You must want to check these components are working correctly. The one way to check is to run the new type of compiler with Goma.

  1. Start compiler_proxy (goma_ctl.py ensure_start)
  2. Run your compiler with adding GOMA_USE_LOCAL=false
    • GOMA_USE_LOCAL=false gomacc <compiler_path> …
    • This enforces a compile request is sent to Goma server (it means we can enforce IncludeProcessor runs).

Then, open compiler_proxy dashboard http://localhost:8088/. A new task must be shown in the dashboard. Probably, your task is shown as GOMA ERROR (red color) if your compiler is not registered in Goma server. GOMA ERROR means the compile failed in the remote, but succeeded locally. If it‘s shown as FAILURE (pink color), your compile failed locally, too. This indicates something is wrong, but we have to see compiler_proxy log http://localhost:8088/logz?INFO to investigate what’s really wrong.

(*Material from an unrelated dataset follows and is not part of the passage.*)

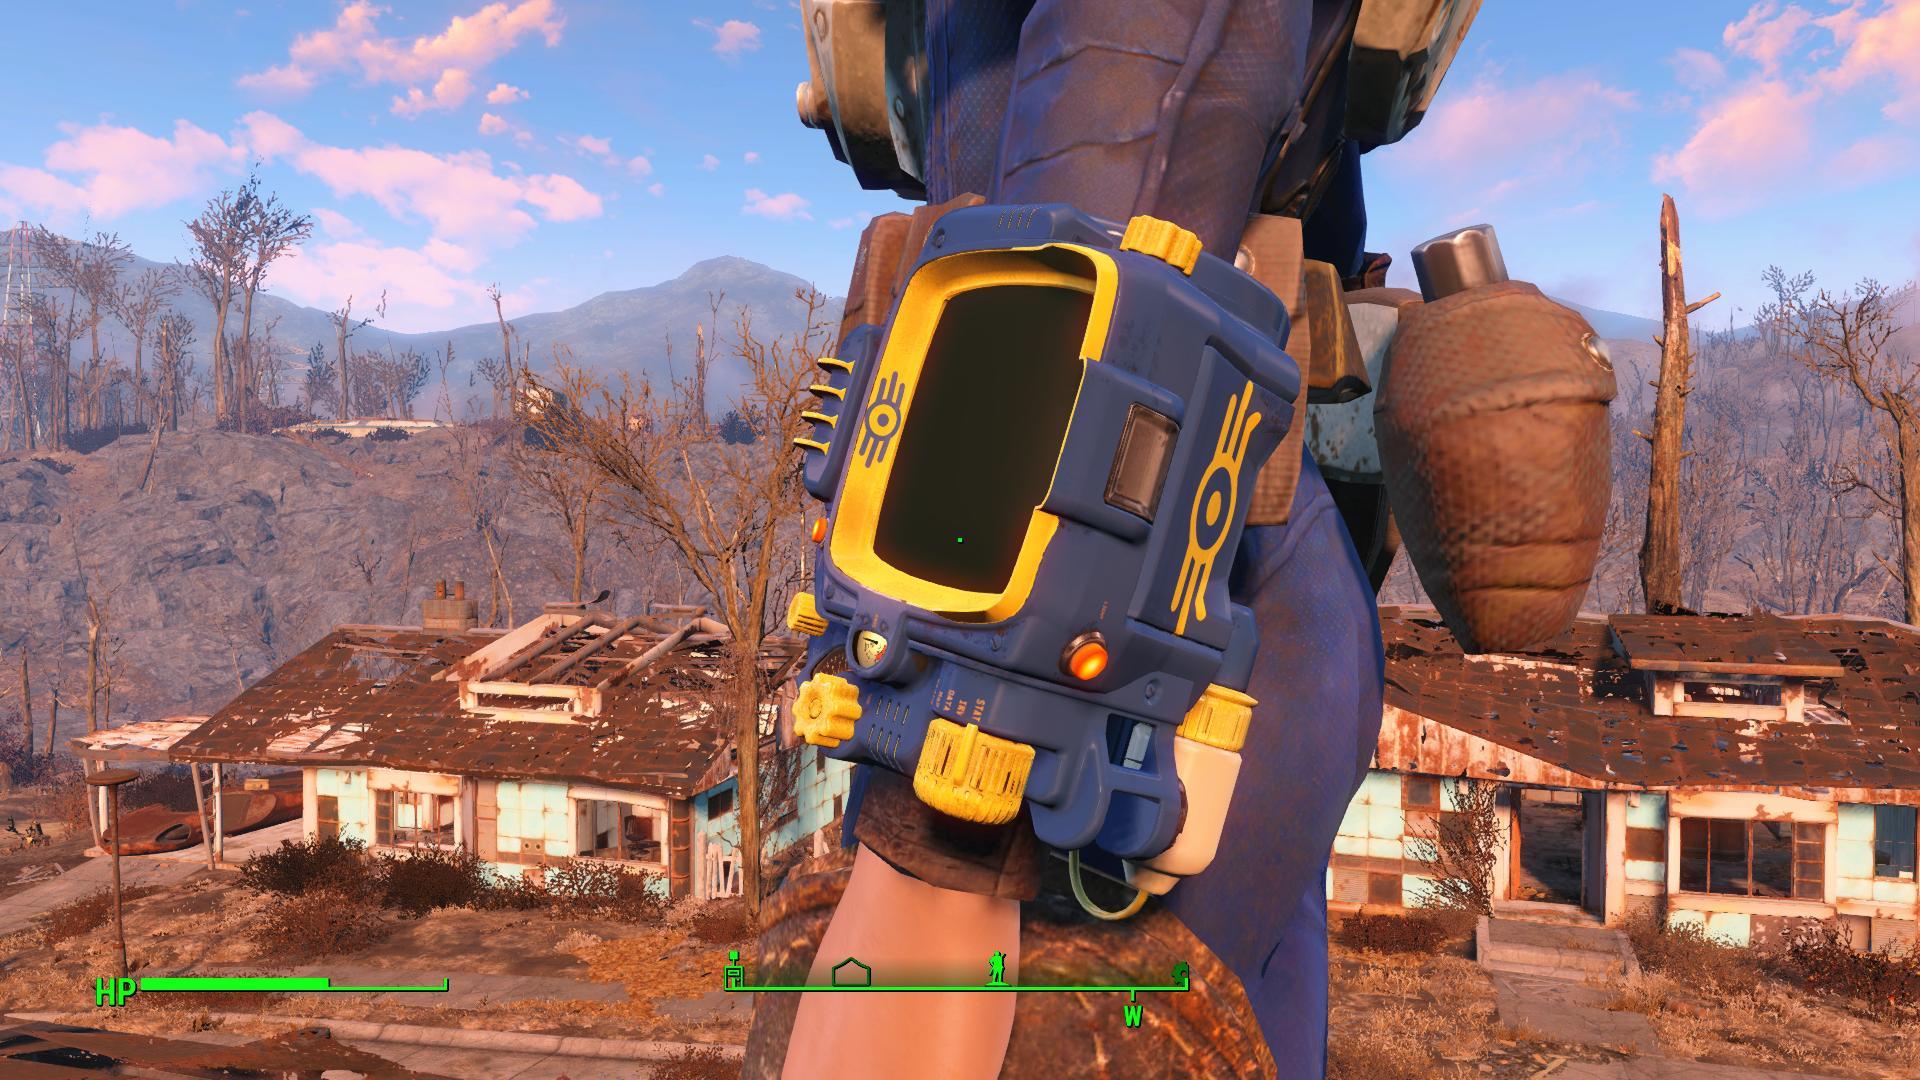 Vault Tec Branded PipBoy 3000 Fallout 4 Mod Download

http://localhost:8088/compilerinfoz shows the list of CompilerInfo. Find [compiler info] section, and find your compiler from the list.

Open your compile task in the dashbaord http://localhost:8088/. inputs shows the list of files which is sent to Goma server. If your IncludeProcessor didn't work correctly, some files might be missing.

For CompilerFlag, currently we don't have a good interface to see the details in compiler_proxy dashboard. We recommend you write a unittest.